今回は旧伊那市内の区誌のうち、天竜川右岸地域の山寺、上荒井、西町、上島区誌といったものを取り上げる。
『区誌山寺』(区誌山寺編纂委員会 昭和44年)
ドンド焼き
書き初めといえば、子供達は二日の朝、中折紙に思い思いの腕を振るい、これを日頃親切に面倒を見で呉れる人の家へ届けたものである。届けられた大人は一応のほめ言葉をいい、紙にひねったオタルを祝ってくれた。子供もそれを予期して書き初めを配るのだが、一銭二銭の銅貨が重みもずっしりと、とても嬉しか
ったものである。常目頃は銭など使うことが全くないので財布など用がないのだが、正月ばかりは幾らかずつの自分の銭がはいるので、新聞紙を折りたたんで財布をつくって、それに収めて持ち歩いたものである。

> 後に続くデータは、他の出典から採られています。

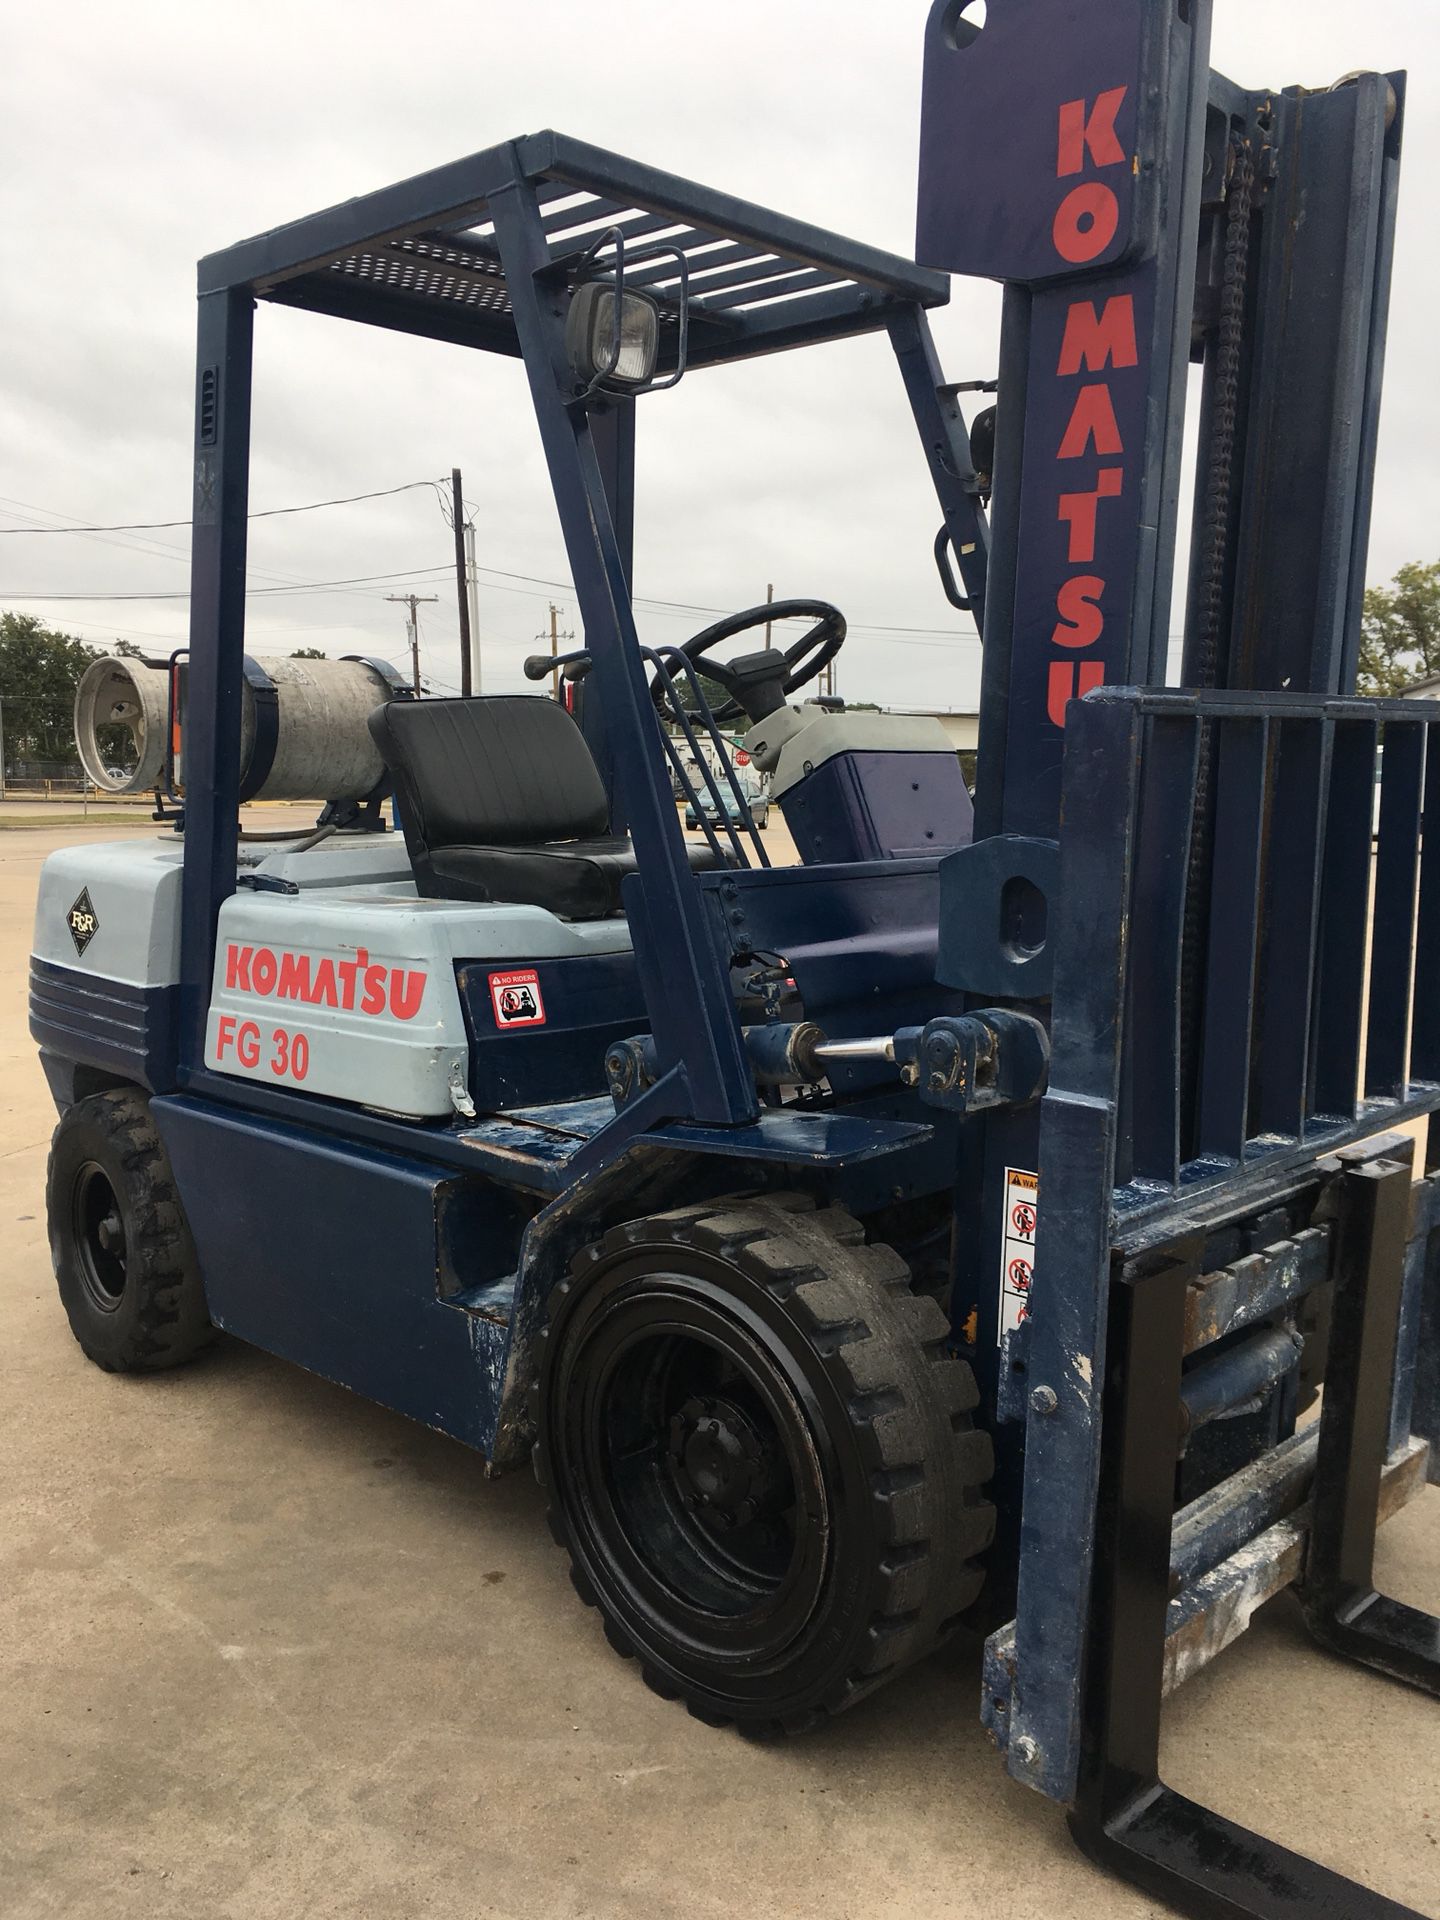 Forklift komatsu 6000 lbs capacity

一四日の晩は厄落としが行なわれた。厄年の者はその年じゅう自分の使った飯茶腕に年齢の数だけの銭(穴あきの一厘銭か大根の切ったもの)を入れていって、宮坂にある道祖神に投げつけ、うしろを振り返らないで家に帰る。家に帰ると門口でナンバンを焚いて魔除けとし、邪神の家へ付いて入ることを防いだ。
また一四日の朝は、一三日に搗いたオソネ(鏡餅)を大正月のオソネの上重ねと新しく取り替え、臼の上にも飾り、農具の年取りもする。
大正月の松飾りは、七草粥を供えたあと「お松送り」といって送り出す。この頃まであった内飾りの〆繩などもまとめ、一四日のセエの神に供する。セエの神は塞の神であり、子供の行事である。どんど焼きともいう。六歳の子供が子供仲間に入る最初の行事であり、一五歳の子供が子供仲間から抜けていく最後の行事でもある。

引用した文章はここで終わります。